Hi everyone,
Yesterday I committed a housekeeping script to clean up after Observium.
If you have a nice number of devices combined with a long running time
of Observium, you're sure to have a gigantic database of event log,
syslog and performance timing information. Some of you have resorted to
periodically truncating tables - fear no more, housekeeping.php is here!
You have a choice of specifying either -a for all modules or s, e, r, p
and/or t for specific things.
Apart from that, there are options in the configuration to set before
most of these things actually do anything.
What it does:
-s Cleans up syslog data, based on the age of the entries.
Configured by $config['housekeeping']['syslog']['age'] = 0; // Maximum
age of syslog entries in seconds; 0 to disable
i.e. 7*86400 for 7 days.
-e Cleans up eventlog data, based on the age of the entries.
Configured by $config['housekeeping']['eventlog']['age'] = 0; // Maximum
age of eventlog entries in seconds; 0 to disable
i.e. 30*86400 for 30 days.
-r Cleans up RRD files, there are 2 options here:
Cleanup of RRD files with a modification time of a certain age. Ports
that are gone, sensors that are gone, erroneaously created RRD files due
to bugs or hardware changes, etc.
Configured by $config['housekeeping']['rrd']['age'] = 0; // Maximum age
of unused rrd files in seconds before automatically purging; 0 to disable
i.e. 90*86400 for 90 days.
Cleanup of invalid RRD files. Requires $config['file'] to be set
correctly to the path of the "file" magic utility.

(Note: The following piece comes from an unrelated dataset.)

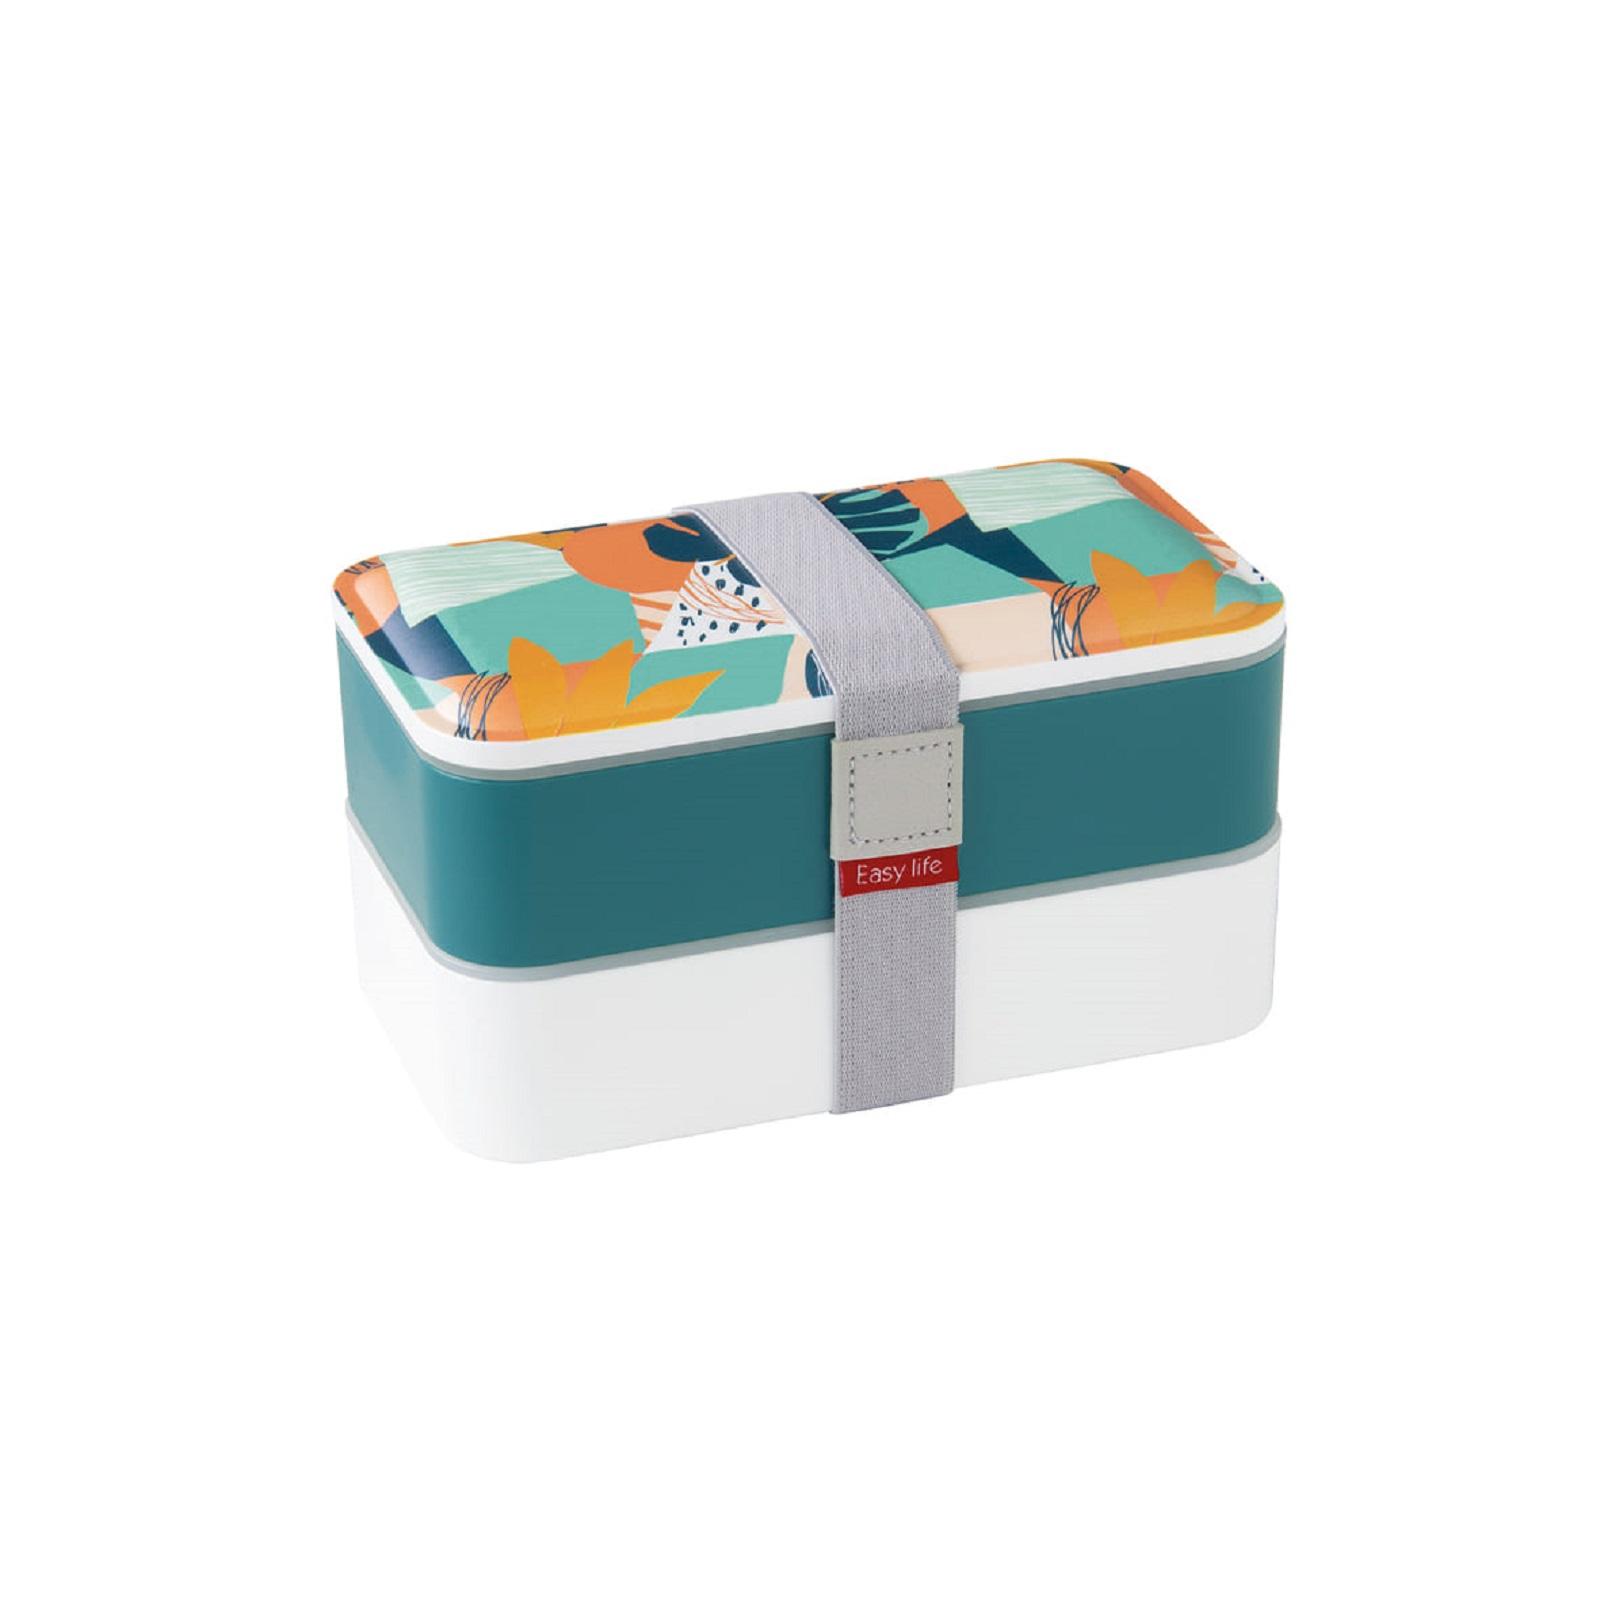 Онлайн каталог PROMENU: Ланч-бокс Easy Life, объем 18,5 x 10,5 x 10  см, белый с синим  2500 ABS2

Runs over all .rrd files to see if they are identified as RRDTool
Databases. They can sometimes get corrupted (0 bytes, half a file) when
your disk/ramdrive is full. When they exist, they are not recreated even
if they're invalid. Consequently RRDtool refuses to add data into them
as they are not valid RRD database files. This scripts deletes any .rrd
file not identified as RRDTool.
Configured by $config['housekeeping']['rrd']['invalid'] = TRUE; //
Delete .rrd files that are not valid RRD files (eg created with a full
disk)
Note: this defaults to true currently. Handle with care.
-p Cleans up deleted ports. You can do this manually by using the purge
button in the web interface, but one could probably safely assume if a
port has not returned after 30 days it really is gone. Shorter could be
useful in your environment, mine is set to 7 days.
Configured by $config['housekeeping']['deleted_ports']['age'] = 0; //
Maximum age of deleted ports in seconds before automatically purging; 0
to disable
i.e. 30*86400 for 30 days.
-t: Cleans up perf time information. Observium keeps performance times
per module, per device and per run. This quickly accumulates into a
giant number of rows in the database.
Configured by $config['housekeeping']['timing']['age'] = 0; // Maximum
age of timing (discovery and poll time) entries in seconds; 0 to disable
i.e. 7*86400 for 7 days.
Housekeeping logs into housekeeping.log in the log_dir. (*)
I recommend putting this into cron, daily or weekly (yes, even though
the age is set in seconds, I don't recommend running it every minute ;),
but only after you've run it manually once. It'll take quite a while the
first time to clean up large databases.
The "check for invalid RRD files" is probably quite I/O heavy.
i'll be documenting this on the wiki soonish.
(*) log_dir was also added as a new configuration directive, it defaults
to ${installdir}/logs which will be created automatically for you if
possible.
Tom